Because digital mental health interventions could increase accessibility of care, researchers have highlighted their potential role in reducing racial and ethnic mental health disparities [13, 14]. The current study provides evidence that a large-scale BCT can be effective across communities of color. Yet, further research is needed to determine the extent to which employer-offered BCT can address mental health disparities, including evaluating additional metrics such as access and utilization rates across racial and ethnic groups [19]. The current study also found high levels of treatment satisfaction across race and ethnicity. These results extend those of a small study, which did not include race and ethnicity data, that reported high satisfaction of a video BCT program [48]. These findings are also aligned with a systematic review which found high satisfaction for tele-counseling interventions among communities of color [15]. However, the treatment satisfaction levels observed in the current study should be interpreted with caution in light of high non-response and the significant differences in final symptom severity levels between responders versus non responders. In addition, the current study did not evaluate, separately, satisfaction levels of digital tools, or the influence of satisfaction levels on clinical outcomes, both of which are important areas for future research across racial and ethnic groups. Another important area for future research is the evaluation of racial and ethnic differences in therapeutic alliance for culturally responsive BCT, and its association with outcomes.

The current study had numerous strengths. For one, this was a large racially and ethnically diverse sample. Additionally, this was a real-world evaluation that relied on measures of anxiety and depression that have been validated.

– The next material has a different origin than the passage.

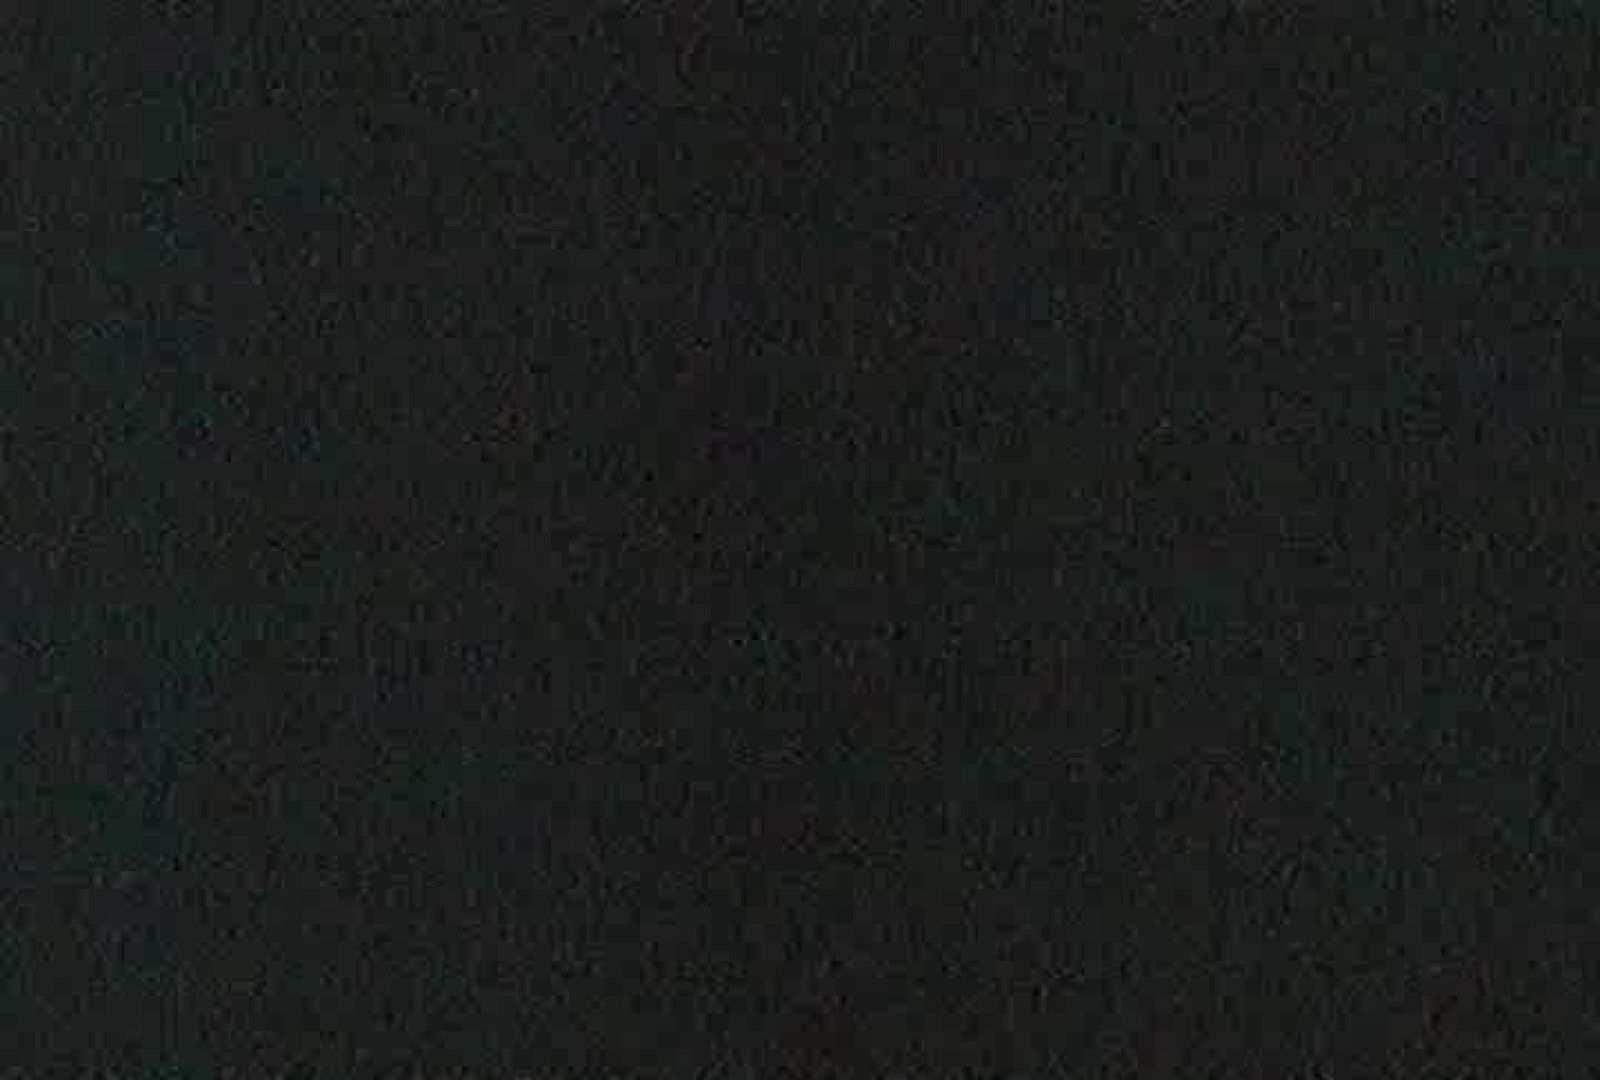 充血監督の深夜の運動会Vol.92 野外 性交動画流出 97pic 31

However, there were several limitations. First, this study did not utilize a randomized controlled design to confirm causality, and cannot conclude that any treatment effects were attributable to the culturally responsive components of the program. Additionally, some racial and ethnic groups were under-represented in the sample and were conflated in the categories that included those who reported multiple and “Other” racial or ethnic groups. Meanwhile, a significant proportion of the sample was missing a response to the treatment satisfaction measure, and responders had significantly lower final PHQ-9 and GAD-7 scores than non-responders. However, there were no significant racial and ethnic differences in the response rate for this treatment satisfaction measure. Additionally, the treatment satisfaction measure was not validated, and the possibility of racial and ethnic differences in its validity cannot be ruled out. Another limitation which may have biased study findings was missing data: 11.4% of the eligible sample was excluded from the final sample, a large proportion of which was excluded due to missing follow-up outcomes. The current study cannot preclude the possibility of regression to the mean effects, which is also a notable limitation. Yet, this study reports rates of reliable improvement, which attempts to account for measurement error, and in turn, regression to the mean effects [39, 49]. Finally, because this program was an employer-provided benefit available to employees and their dependents and the sample largely reported high levels of education as well as good or fair financial status, these results may not be generalizable to other populations.

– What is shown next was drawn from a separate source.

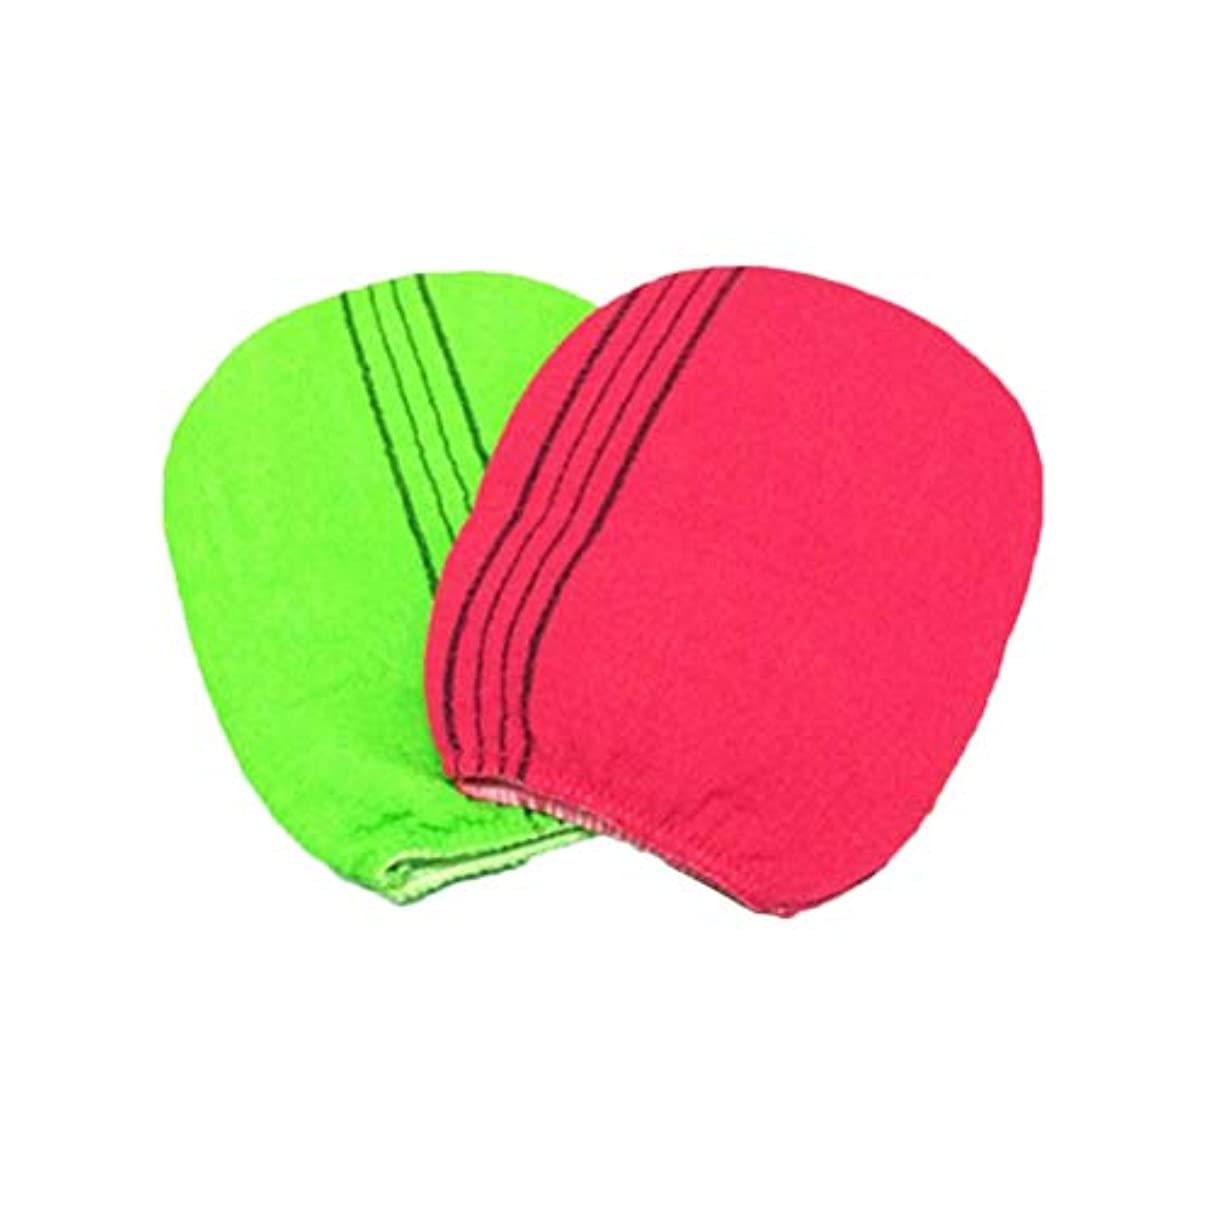 Beaupretty 2ピース入浴手袋風呂ミットラビング手袋剥離手袋シャワーバスタオル(ランダムカラー)

In conclusion, it is important that large-scale digital and blended mental health interventions evaluate their ability to provide effective and equitable care across diverse racial and ethnic groups. This study demonstrated that a blended care program employing culturally responsive approaches can be beneficial for anxiety and depression outcomes across diverse racial and ethnic groups. Further research is needed to evaluate longer term outcomes of BCT across race and ethnicity. Finally, because culturally responsive care extends beyond race and ethnicity, it is important to take additional cultural and contextual factors into consideration when designing and evaluating outcomes of future blended interventions for diverse populations.